However, once the virus has transmitted effectively and passed its peak of transmissibility, it really doesn't matter whether it causes some horrible disease, at least not in an evolutionary sense. As an example, HIV has a 99% case-fatality rate when untreated, but it takes literal years to get to that lethal point. There is very little selective pressure on the virus related to that lethality, because it can effectively and successfully spread itself to new hosts without worrying about its current host's ultimate survival. Here, the pressures on transmission and propagation are separated from the pressures on virulence factors.

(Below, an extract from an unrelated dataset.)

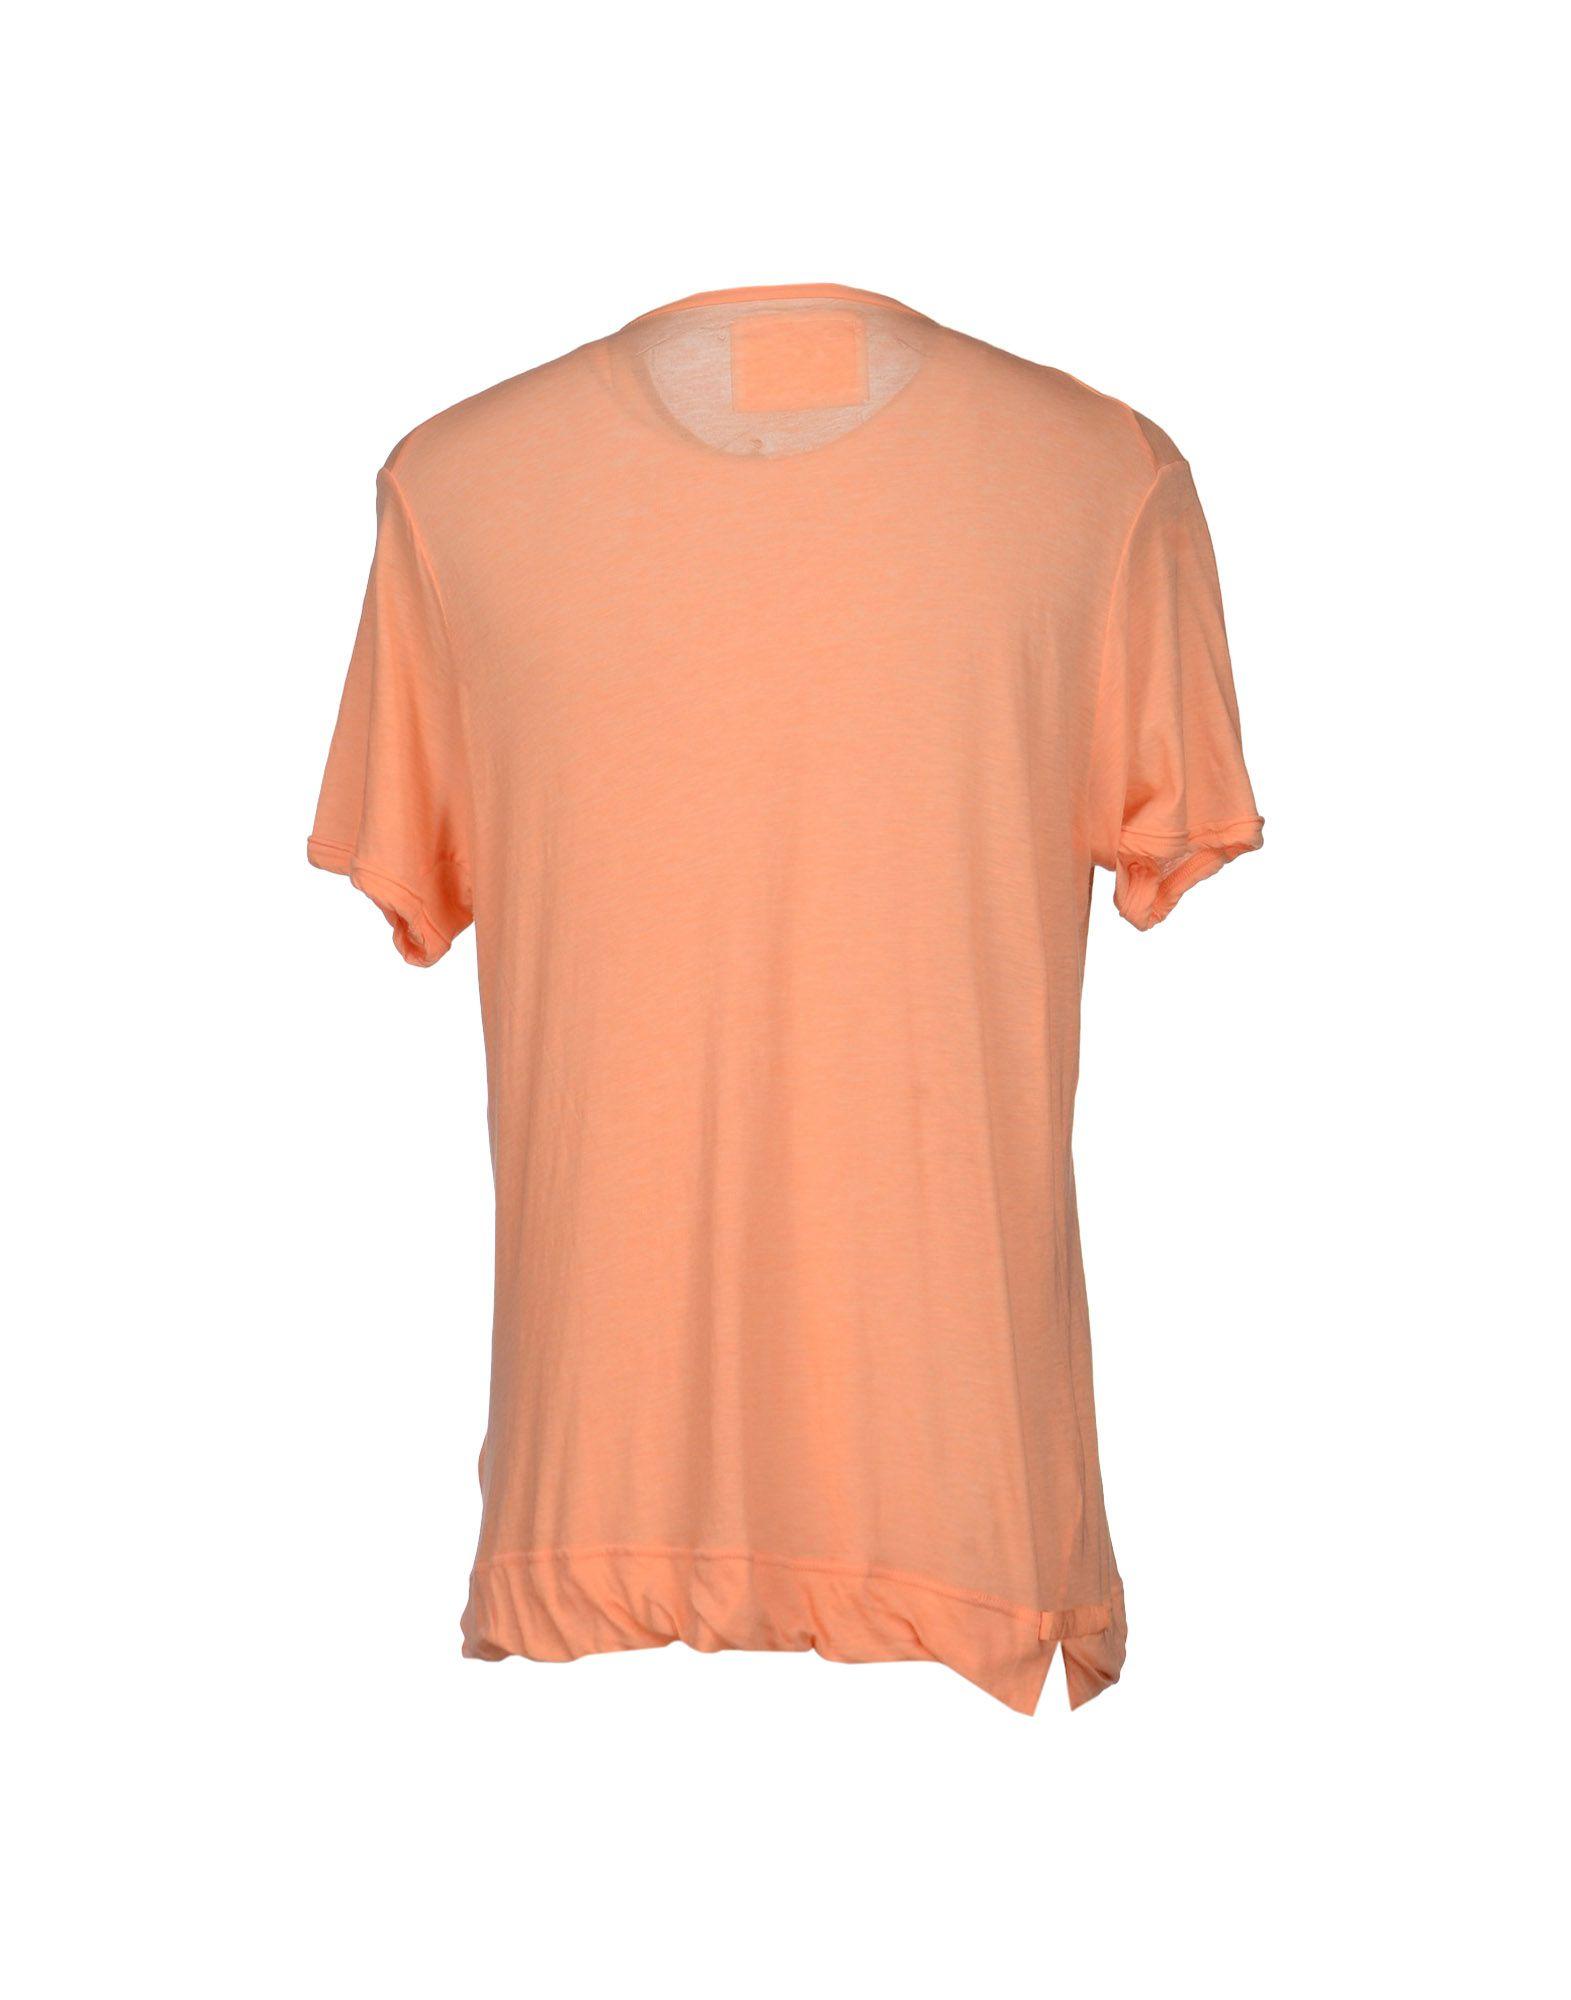 V room clothing online

For SARS-CoV-2, peak transmissibility can occur before symptoms ever appear. At first detection, most eventually severe cases appear relatively mild. Look, for example, at the case of Donald Trump, who was likely the index patient for an outbreak that began in the White House's Rose Garden. By all reports, President Trump basically felt like he had a mild cold going into this event. He tested positive shortly after the ceremony in the Rose Garden, and from that event, 52 additional cases of COVID-19 were generated. That event was on September 26th, so likely between 4 and 7 days after Trump became infected.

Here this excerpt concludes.